The latest Serato update introduces a real-time audio isolation algorithm that splits song stems almost instantly. But is it worth the hype?
Software updates don’t tend to throw DJs and producers into a fit. Then again, software creators don’t tend to fundamentally change what their programs are capable of. And that’s precisely what Serato purports to have done with the latest version of their venerable DJ suite.
Depending on what pockets of Twitter, Instagram, and TikTok, your algorithm(s) operate(s) in, you might have seen the hyperbolics from both users and the company itself, who described a new stem-splitting feature as “game-changing technology” in the notes for the beta release of DJ Pro 3.0. So, naturally, if not out of sheer cynism, it felt necessary to investigate just how world-breaking this thing is, and just how it might impact the ever-entangled worlds of DJing, mixing, and producing.
Just as its name suggests, Serato Stems offers users the ability to isolate and manipulate different elements of any track loaded into either of the program’s virtual decks. Those familiar with the layouts of Serato DJ’s Pro and Lite versions will feel right at home with the integration, which replaces the handy performance pads to the left and right of your respective deck timelines with a 2×4 section of triggers for vocals, drums, melody, and bass tracks along the top, while the bottom row is dedicated to effects. Working on an aged MacBook Air with 8GB of RAM and a fairly low-power Intel Dual Core i3 processor, the immediate feel of the stems interface is easy and responsive, but falls short of seamless. To get snappier processing — not only in activating or disabling individual parts of songs while performing, but also in the program’s initial analysis of a track — you’ll need a machine with some muscle behind it, and a Serato-enabled controller that isn’t ancient.

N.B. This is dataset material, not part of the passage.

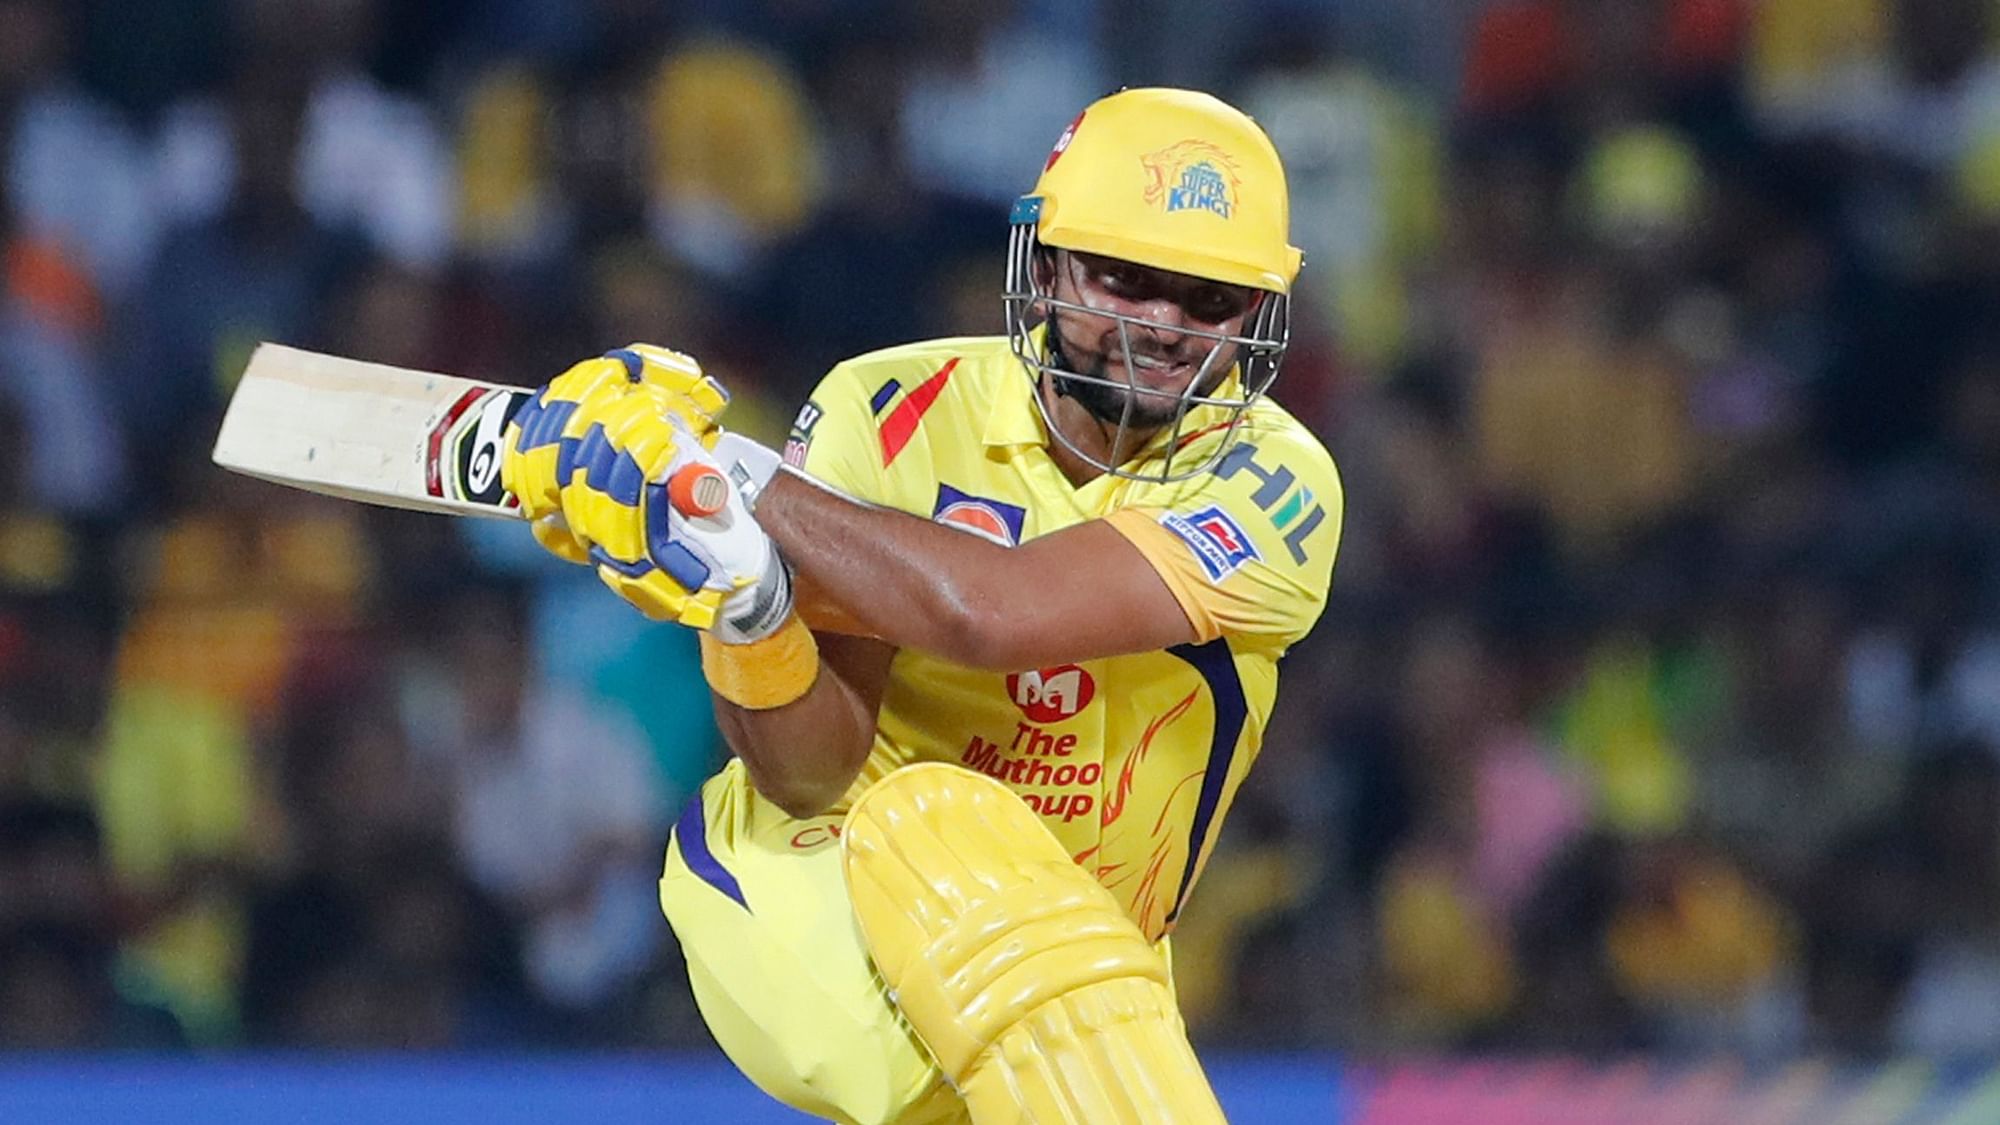 Chennai Super Kings’ Suresh Raina became the first-ever cricketer to score 5,000 runs in the Indian Premier League.

With that said, for a frail computer that probably shouldn’t be used for music production in any capacity, the program handled pretty smoothly and with far less lag than expected. Slipping song segments in and out of the mix was a breeze, applying effects to individual tracks (and the mix as a whole) was nearly effortless, and the general approachability of the system makes it genuinely fun to toy with, regardless of whether you’re a pro or pedestrian selector.
Outside of DJing, the stem-isolating feature will prove wildly useful for sample-based producers, who can now save isolated song sections in a dedicated crate and import them into their DAW of choice. But be warned — those looking to (rightfully) exploit Serato Stems for a choice sample archive should probably assign an external hard drive to host the library, as the files tend to be massive.
With all its wins, Serato Stems still has some hurdles to work out in its beta phase. While the clarity of the isolations themselves (specifically vocals and drums,) can be pretty remarkable, they’re not consistent between songs. A bit of the bass track can bleed into the drums, and traces of the vocals can linger in the “melody” track, which tends to pick up an unpredictable range of non-percussive aspects of the instrumental. For the sake of precision, producers may opt for more tried sound-separating utilities on the market.
If there is something truly game-changing about the new Serato update, it’s in the sum total of a real-time stem-splitting experience. While there are certainly other DJ applications with stem-partitioning protocols available (Virtual DJ, djay, iZotope, and even Kanye’s surprisingly sophisticated DONDA 2 Stem Player device could be of use with some elbow grease,) the ability to divvy up a track into workable components for a mix this quickly is a genuine and deliberate innovation. It effectively turns the program into a conceptual sandbox for lean, freeform, sonic experimentation, allowing users to isolate and connect whatever threads they might hear between songs, while tamping down the clunk and needless complexity that has historically plagued the process. And from a purely creative standpoint, that’s exactly where you want to be.